> _The task_: Retype all of the listing exactly, passing over any picture you find.

> _Data block_:
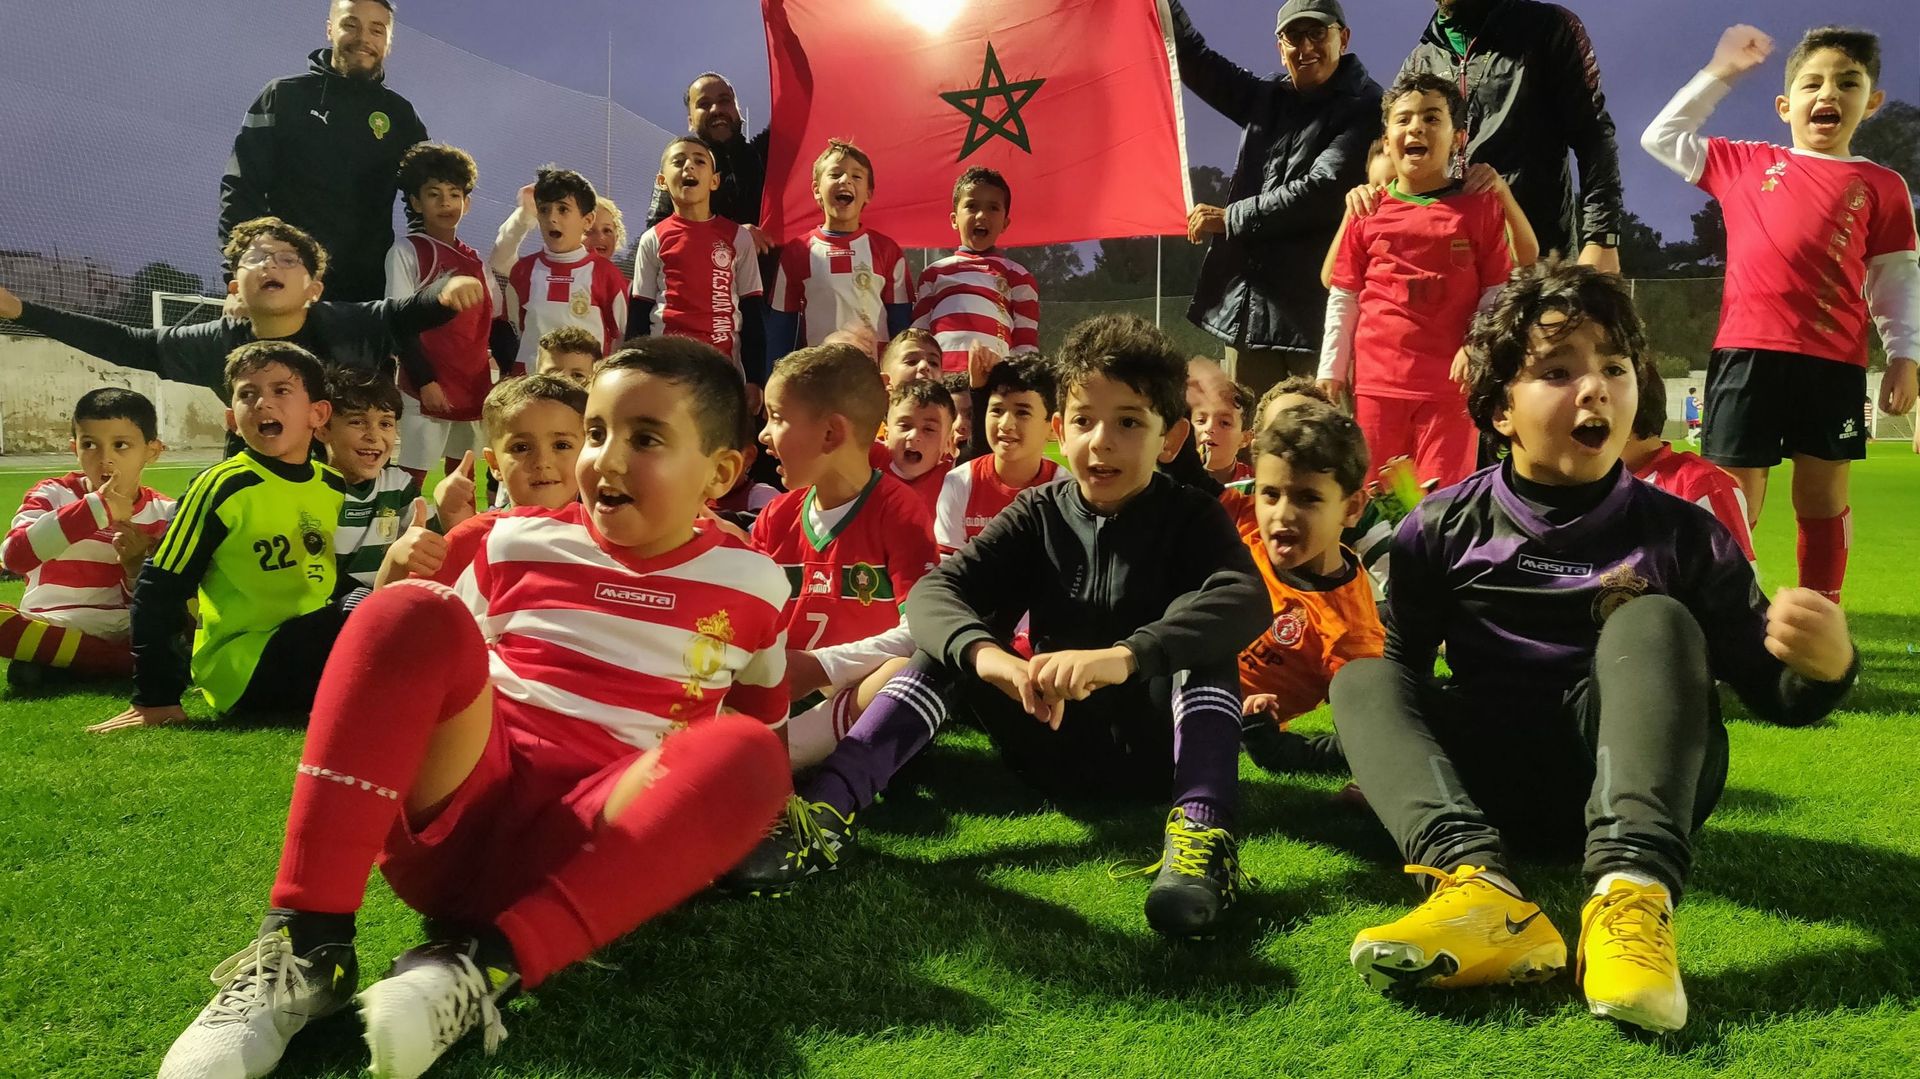 A Tanger, les apprentis footballeurs rêvent d’imiter les Lions de l’Atlas et croient en leur chance de battre la France
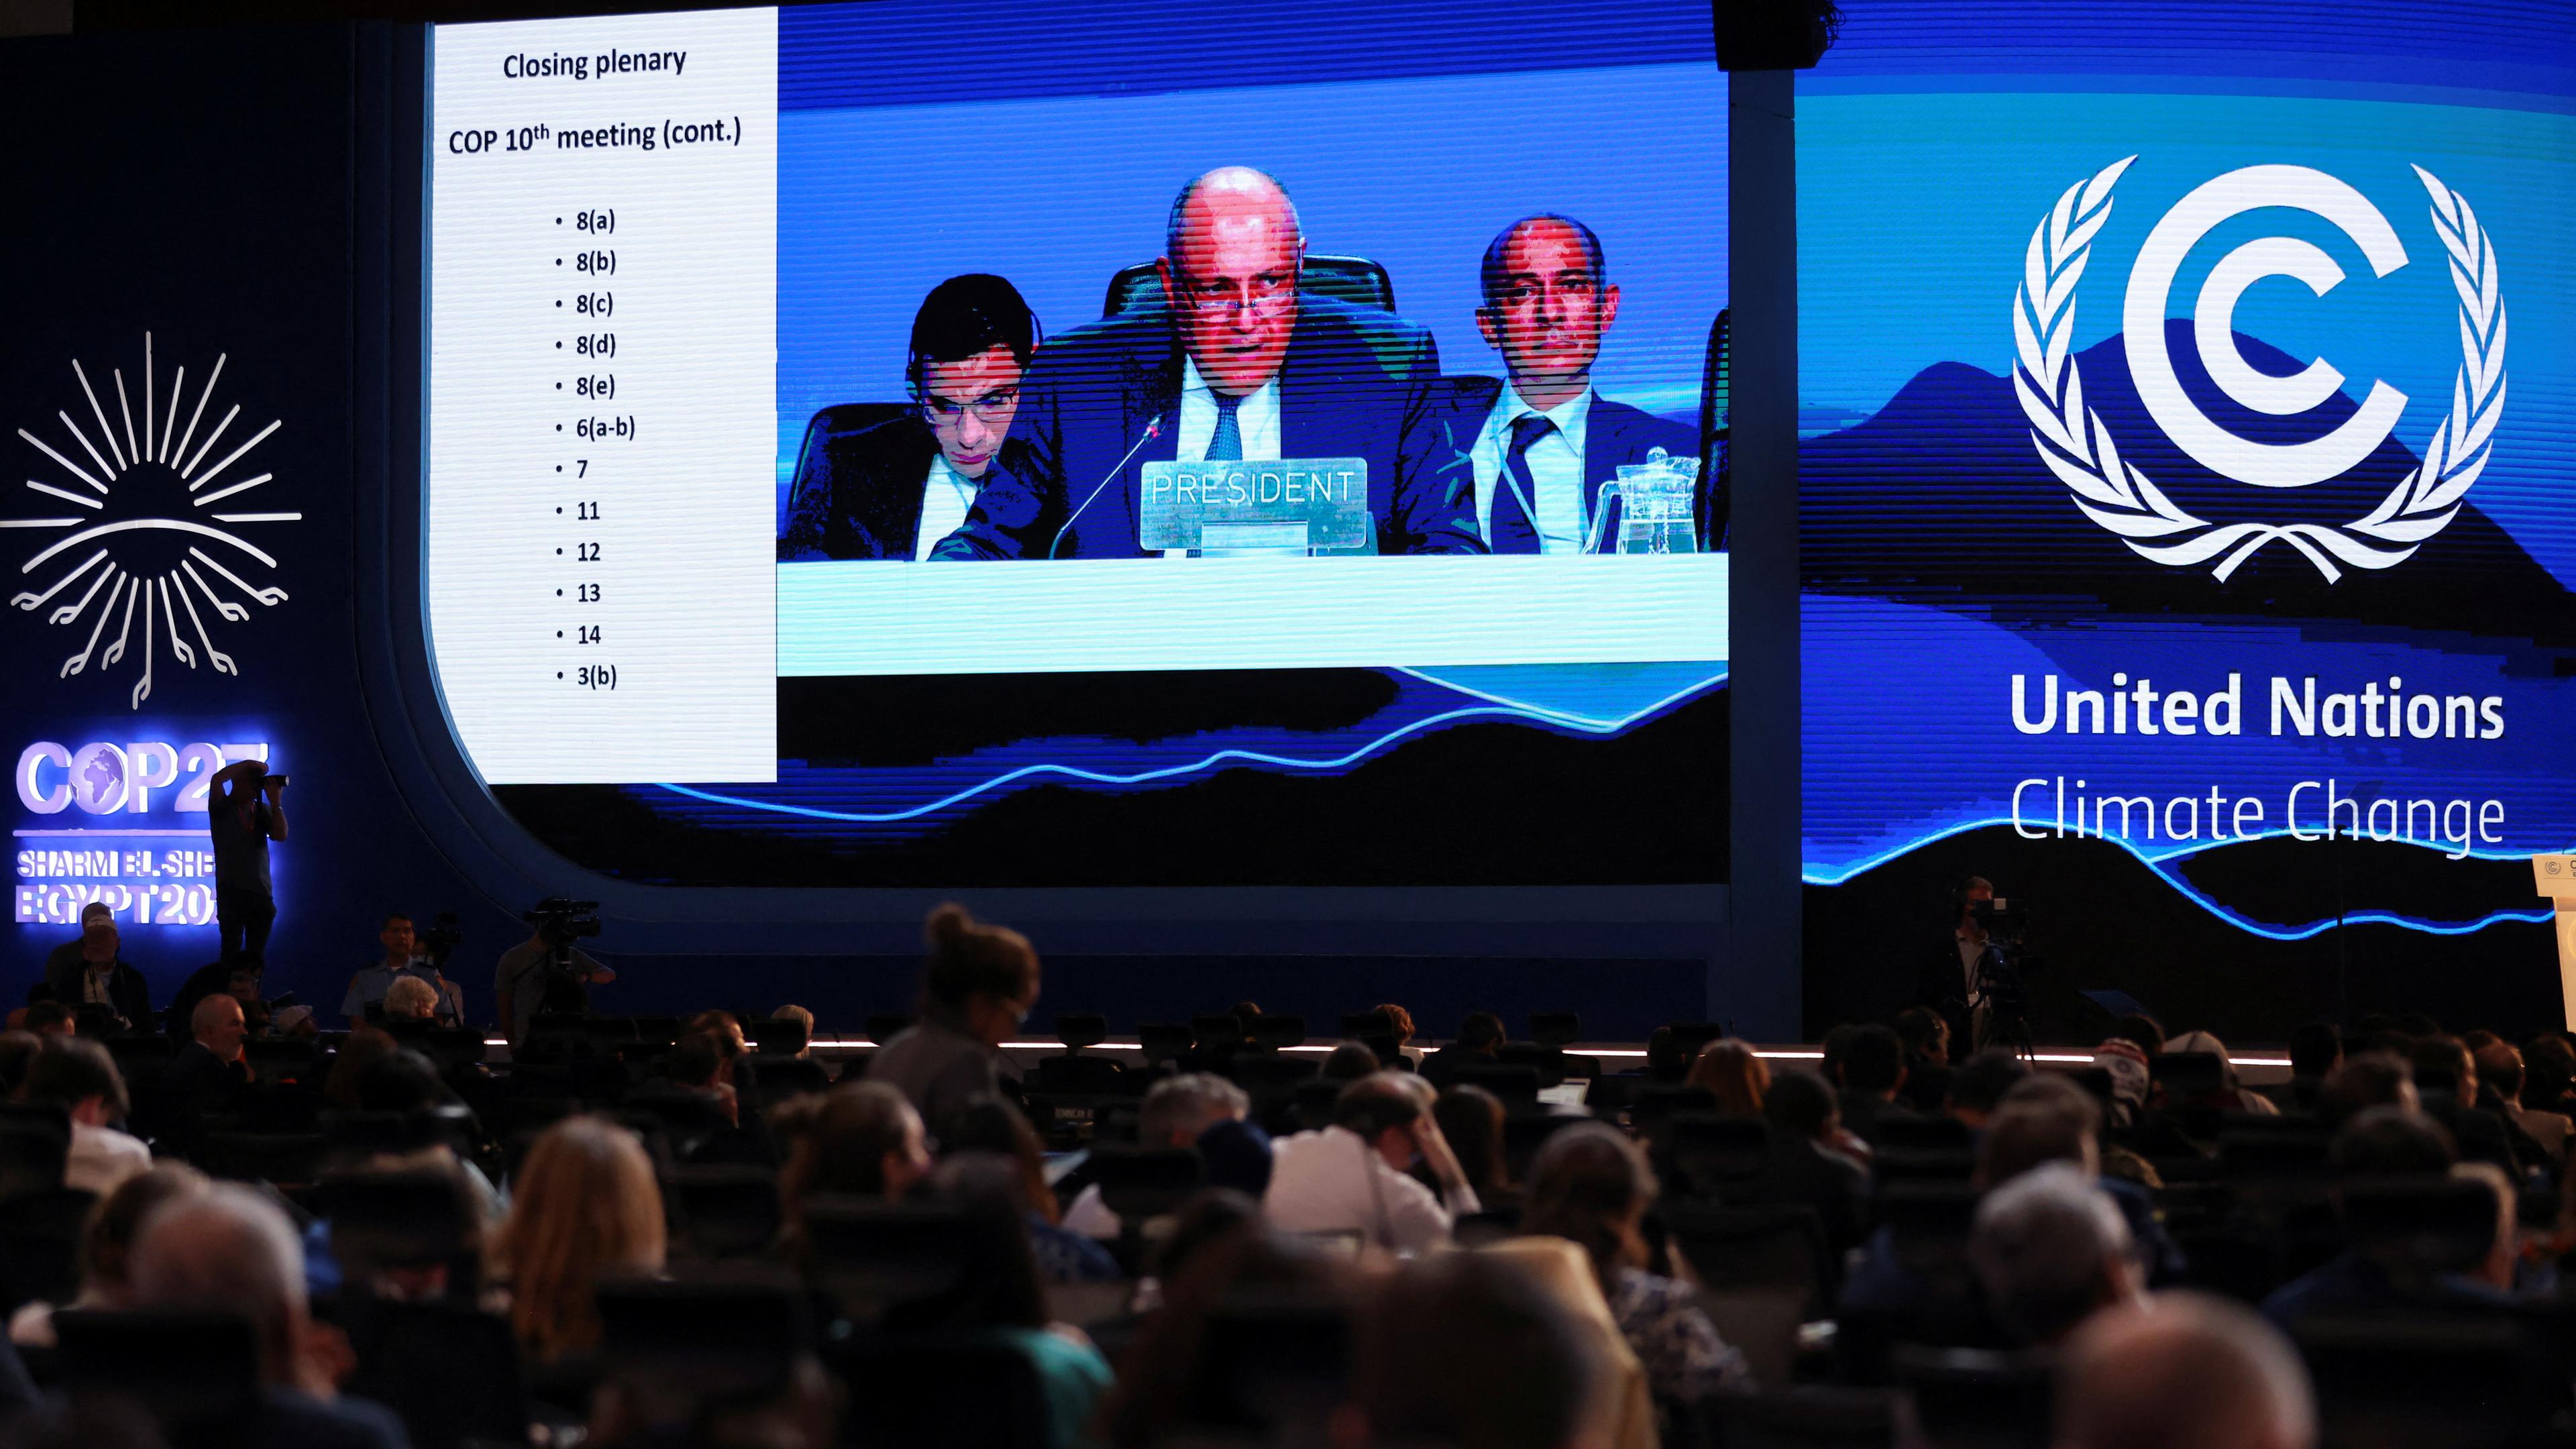 COP27 Präsident Sameh Shoukry ist auf einem großen Bildschirm Bildschirm zu sehen während seiner Rede. Im Vordergrund ist Publikum.
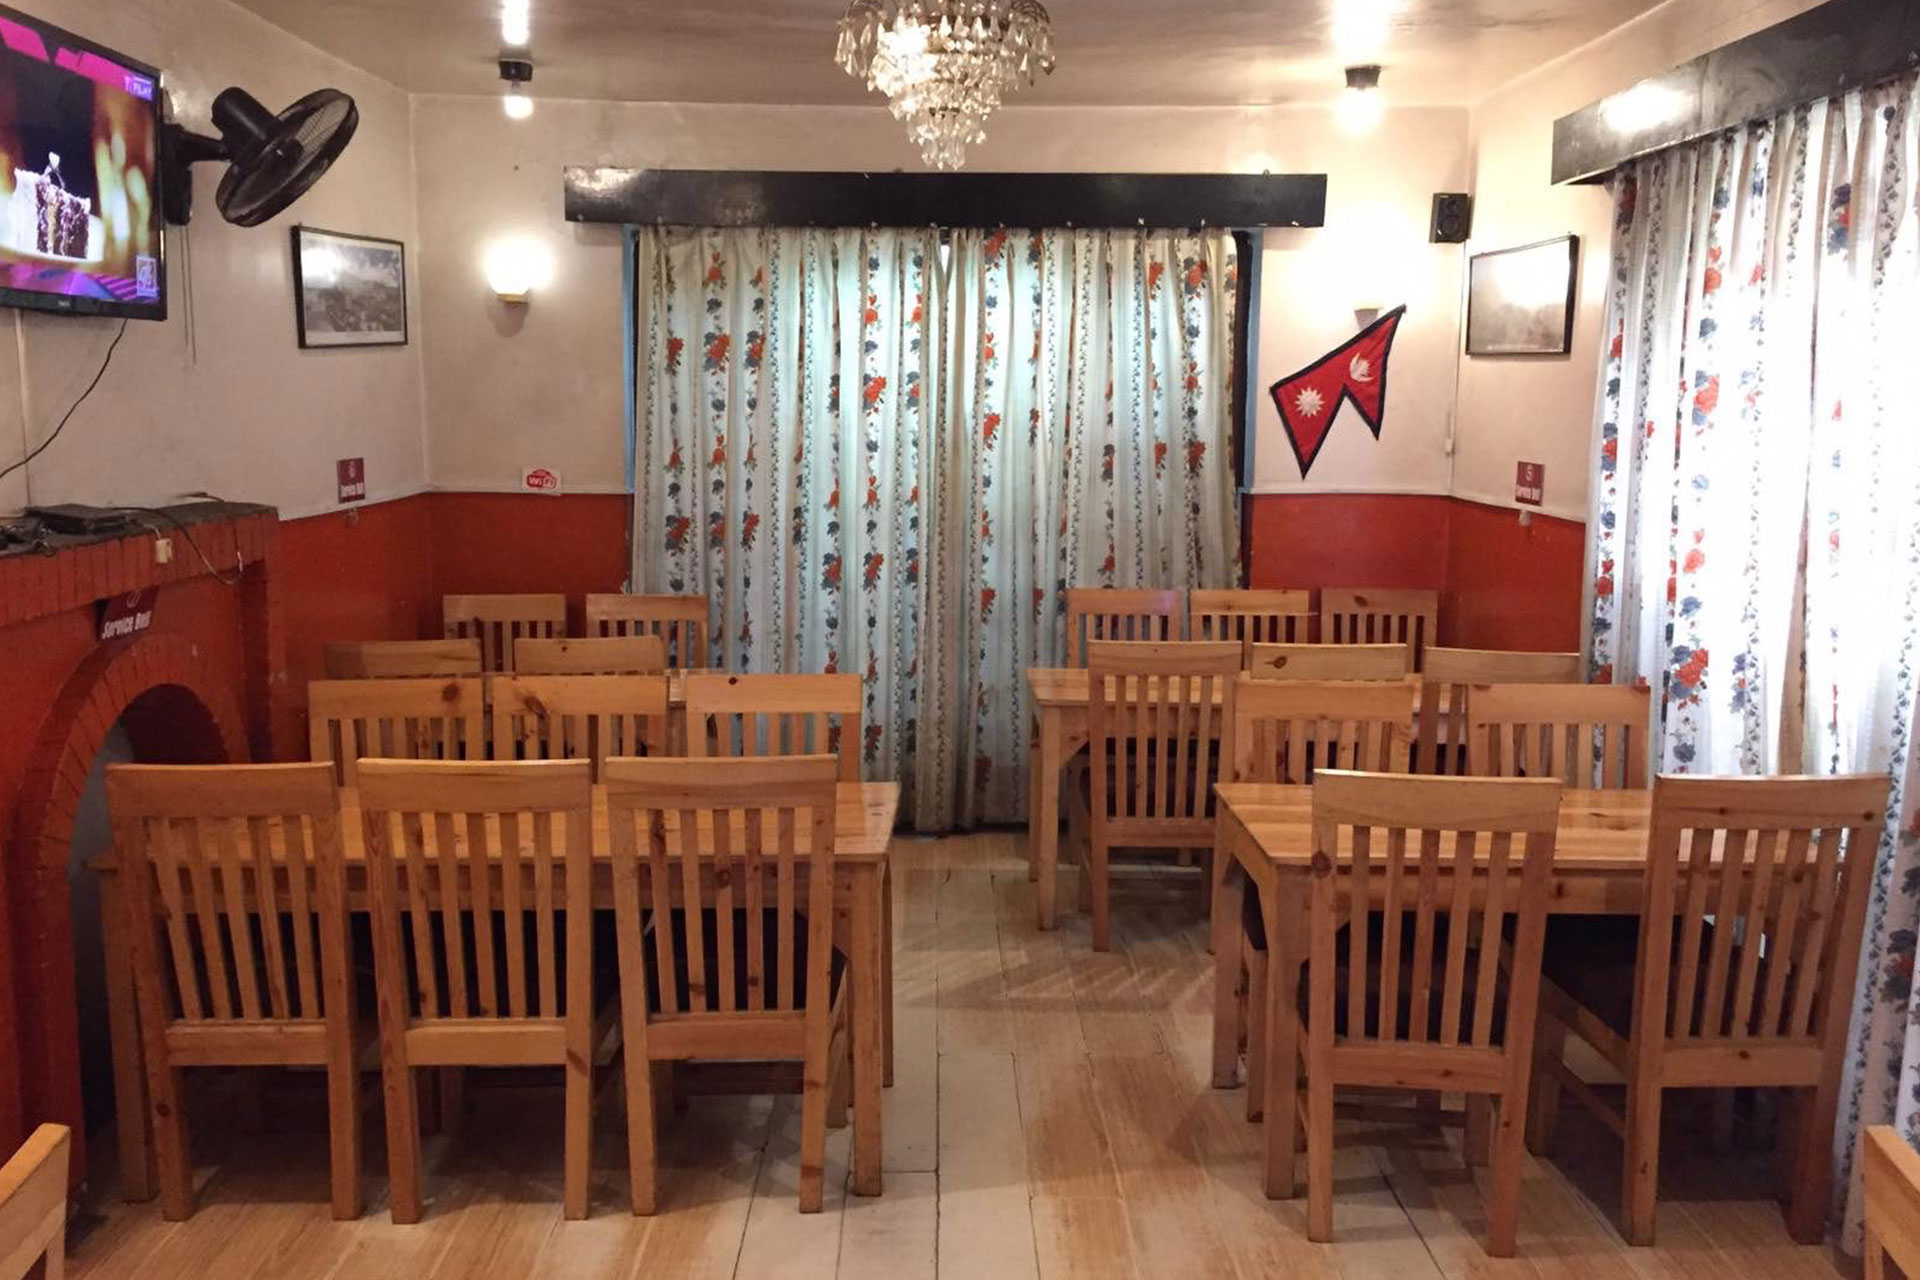 T3 Thakali Bhanchha Ghar & Sekuwa Cafe

> _Written answer_:
 A Tanger, les apprentis footballeurs rêvent d’imiter les Lions de l’Atlas et croient en leur chance de battre la France
 COP27 Präsident Sameh Shoukry ist auf einem großen Bildschirm Bildschirm zu sehen während seiner Rede. Im Vordergrund ist Publikum.
 T3 Thakali Bhanchha Ghar & Sekuwa Cafe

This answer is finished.